From 15e6ed5bc366778ead2f9645db8a6458783c4f2d Mon Sep 17 00:00:00 2001
From: SimJeg <sjegou@nvidia.com>
Date: Wed, 8 Apr 2026 14:09:49 +0000
Subject: [PATCH 1/8] Fix KVComposePress compression ratio accuracy and cap
 transformers<5.3

Replace quantile-based threshold with topk ranking in compute_important_per_layer
to match the pattern used by all other presses and avoid overshooting the target
compression ratio due to quantile interpolation.

Co-Authored-By: Claude Opus 4.6 (1M context) <noreply@anthropic.com>
Signed-off-by: SimJeg <sjegou@nvidia.com>
---
 kvpress/presses/kvcompose_press.py | 13 ++++++++-----
 pyproject.toml                     |  2 +-
 2 files changed, 9 insertions(+), 6 deletions(-)
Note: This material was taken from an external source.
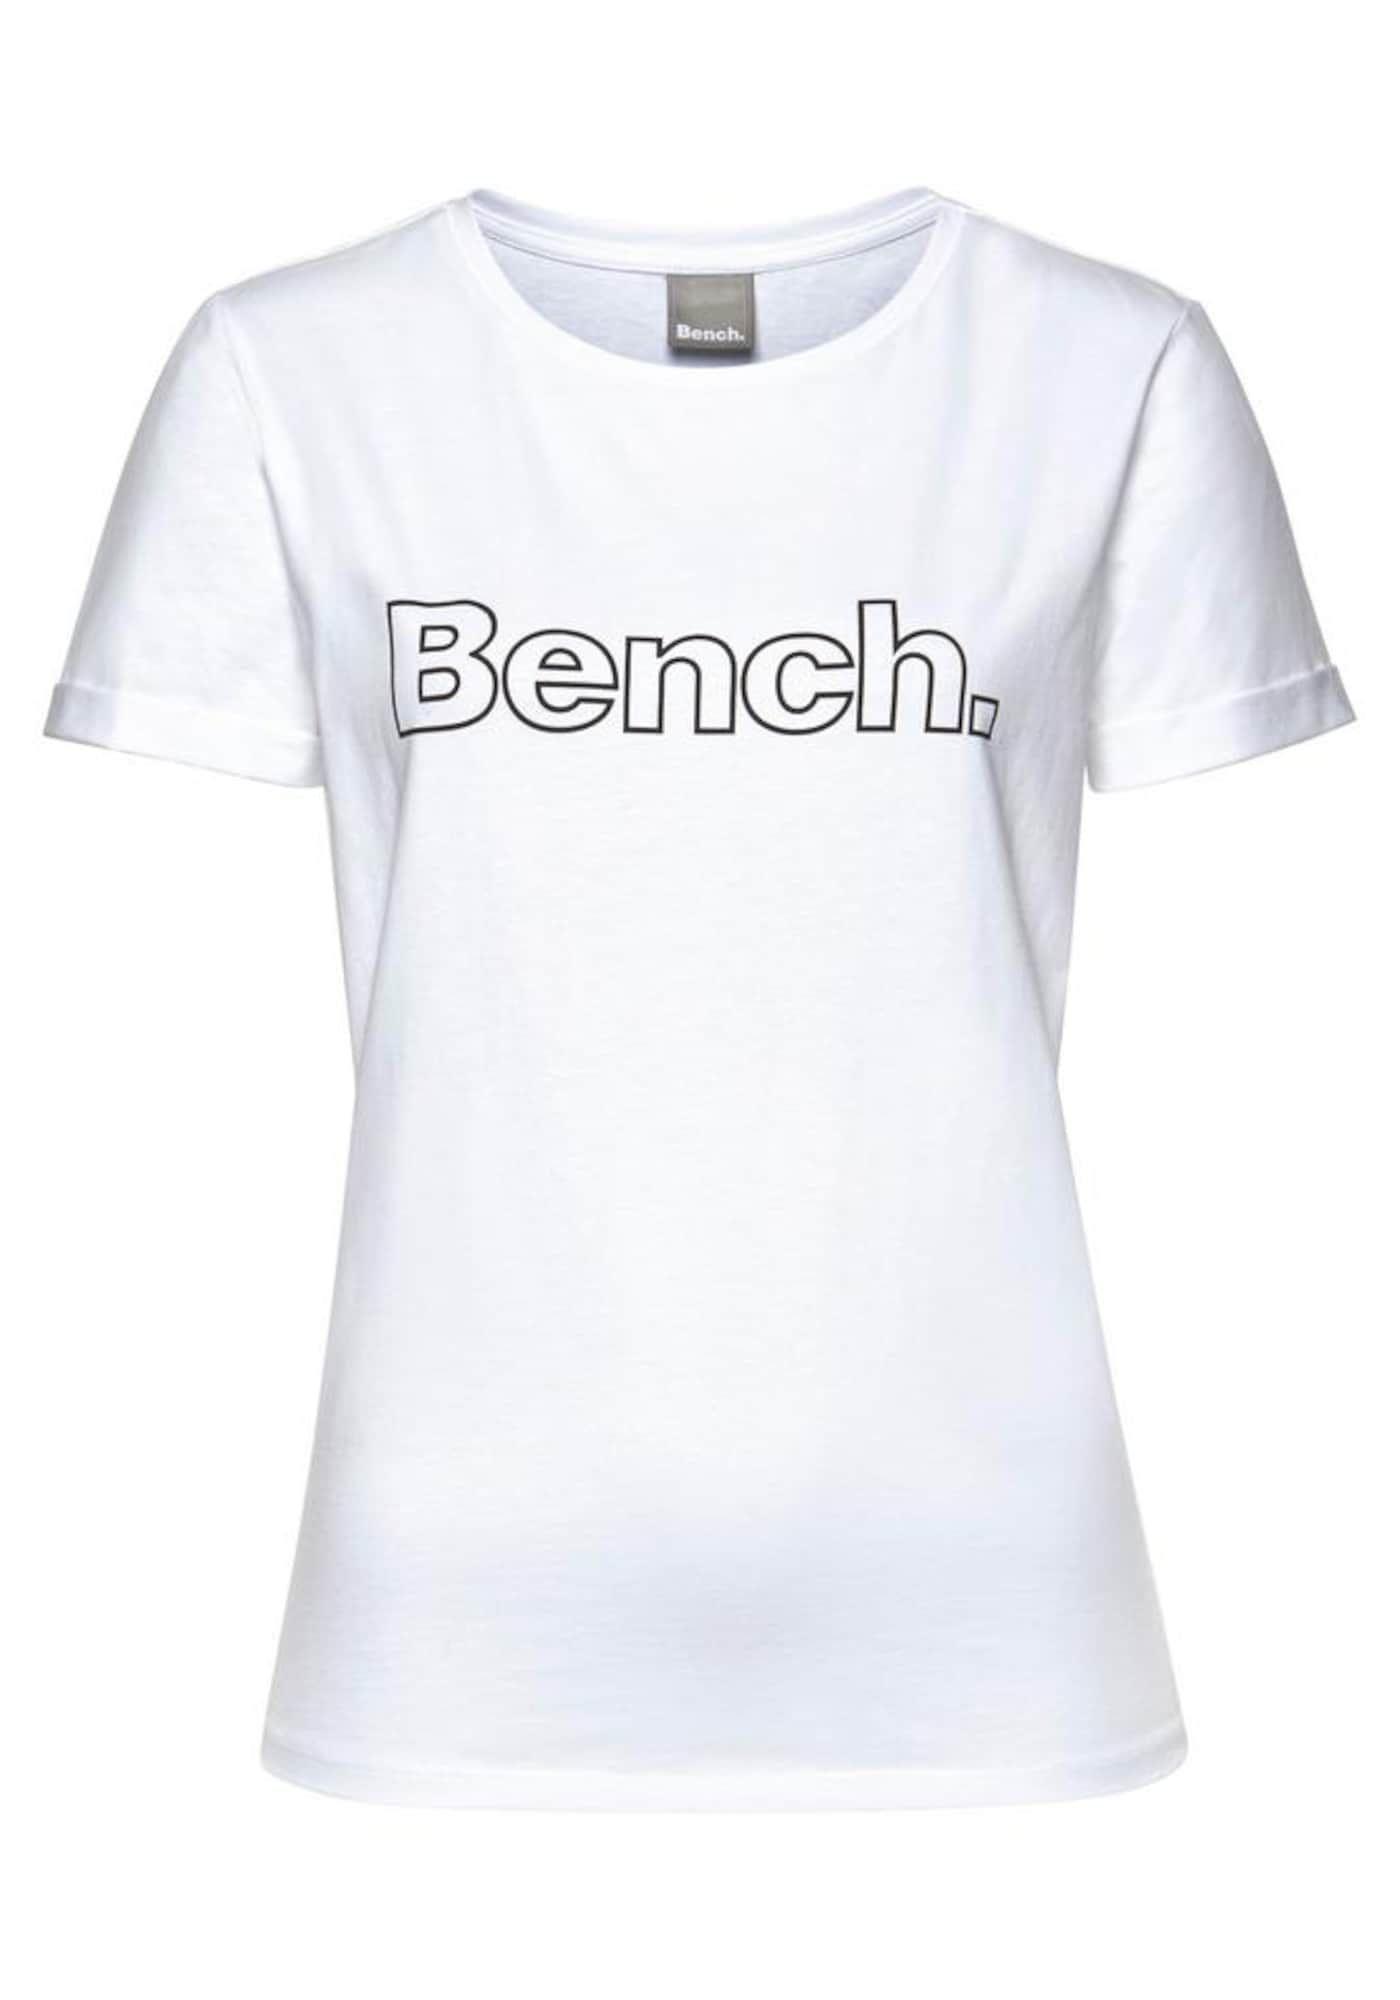 Bench T Shirt Damen Schwarz Weiss Grosse Xs Shirts T Shirt Und T Shirt Damen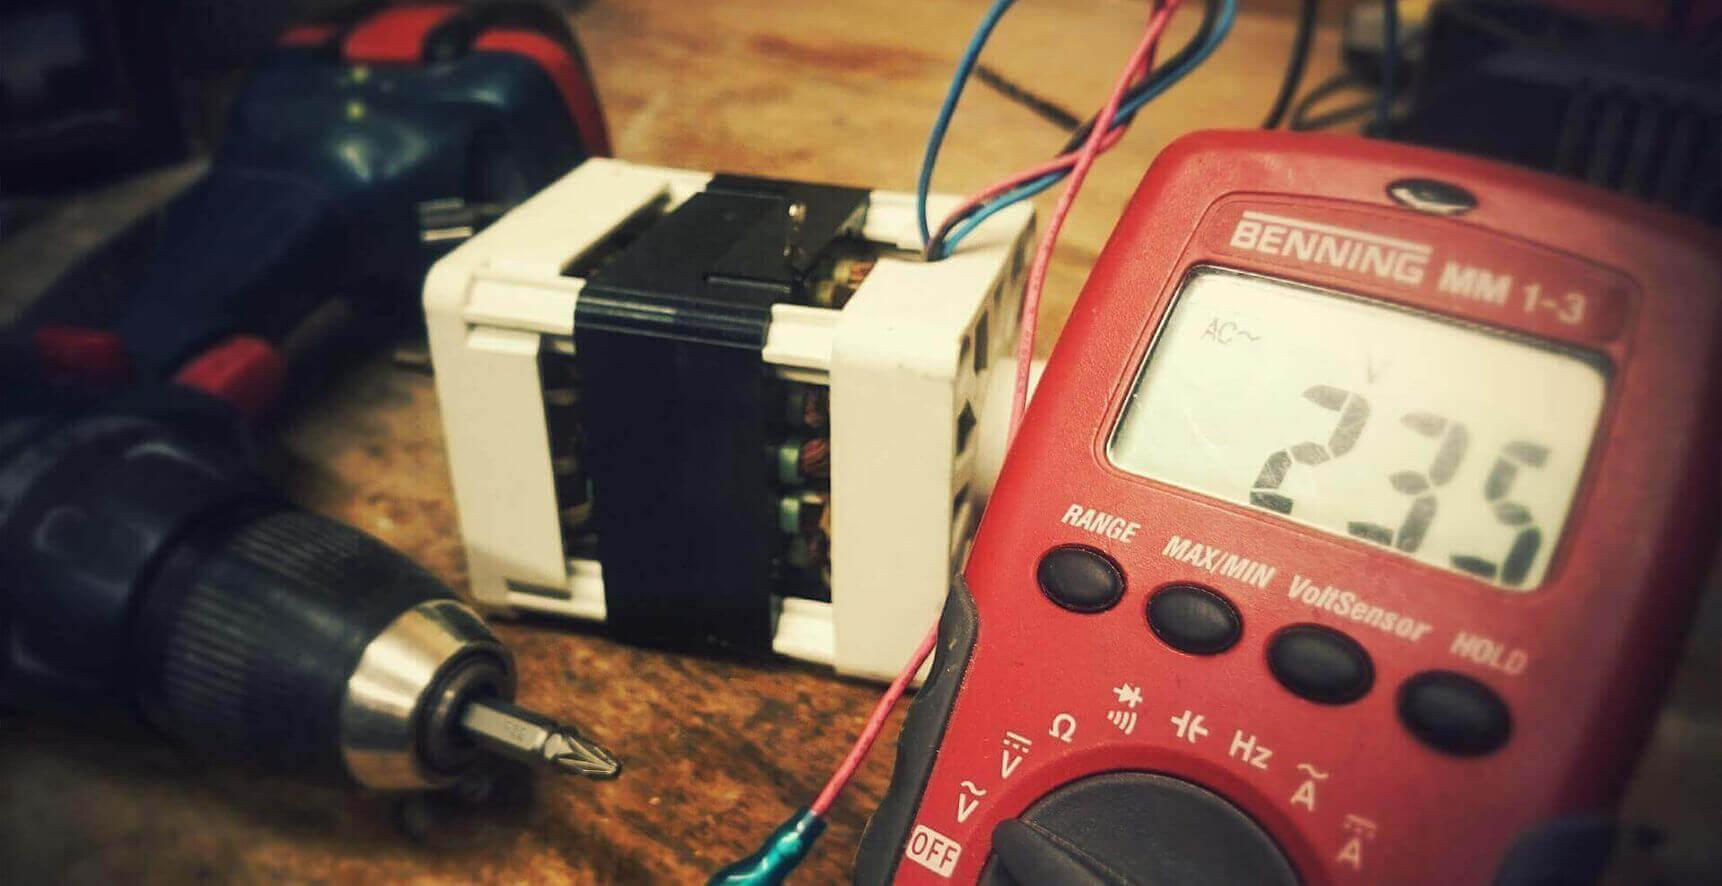 ηλεκτρολογικες εργασιες στα χανια - πιστοποιητικα δεη - Electrotech

diff --git a/kvpress/presses/kvcompose_press.py b/kvpress/presses/kvcompose_press.py
index 642c90fe..0c3232c1 100644
--- a/kvpress/presses/kvcompose_press.py
+++ b/kvpress/presses/kvcompose_press.py
@@ -273,11 +273,14 @@ def compute_important_per_layer(self):
         """
         self.compute_composite_scores()
 
-        threshold_head = self.composite_scores_per_head.quantile(self.compression_ratio)
-        self.important_per_head = (self.composite_scores_per_head >= threshold_head).sum(dim=-1).cpu().numpy()
-
-        threshold_layer = self.composite_scores_per_layer.quantile(self.compression_ratio)
-        self.important_per_layer = (self.composite_scores_per_layer >= threshold_layer).sum(dim=-1).cpu().numpy()
+        n_kept = int(self.composite_scores_per_head.numel() * (1 - self.compression_ratio))
+        kept = self.composite_scores_per_head.reshape(-1).topk(n_kept).indices // self.context_len
+        bins = self.num_layers * self.num_kv_heads
+        self.important_per_head = torch.bincount(kept, minlength=bins).reshape(self.num_layers, self.num_kv_heads).cpu().numpy()
+
+        n_kept = int(self.composite_scores_per_layer.numel() * (1 - self.compression_ratio))
+        kept = self.composite_scores_per_layer.reshape(-1).topk(n_kept).indices // self.context_len
+        self.important_per_layer = torch.bincount(kept, minlength=self.num_layers).cpu().numpy()
 
     def prepare_important_masks(self):
         """
diff --git a/pyproject.toml b/pyproject.toml
index de1fe1bc..1a555d23 100644
--- a/pyproject.toml
+++ b/pyproject.toml
@@ -13,7 +13,7 @@ readme = "README.md"
 dependencies = [
     "numpy>=2.0.0,<3",
     "torch>=2.3.1,<3",
-    "transformers>=4.56.0",
+    "transformers>=4.56.0,<5.3",
     "datasets>=2.21.0",
     "pandas>=2.2.2,<3",
     "accelerate>=1.0.0,<2",

From efc294b6a07a715fcdeb10b373078a5bd91bf977 Mon Sep 17 00:00:00 2001
From: SimJeg <sjegou@nvidia.com>
Date: Wed, 8 Apr 2026 14:21:15 +0000
Subject: [PATCH 2/8] Fix style

Signed-off-by: SimJeg <sjegou@nvidia.com>
---
 kvpress/presses/kvcompose_press.py | 4 +++-
 1 file changed, 3 insertions(+), 1 deletion(-)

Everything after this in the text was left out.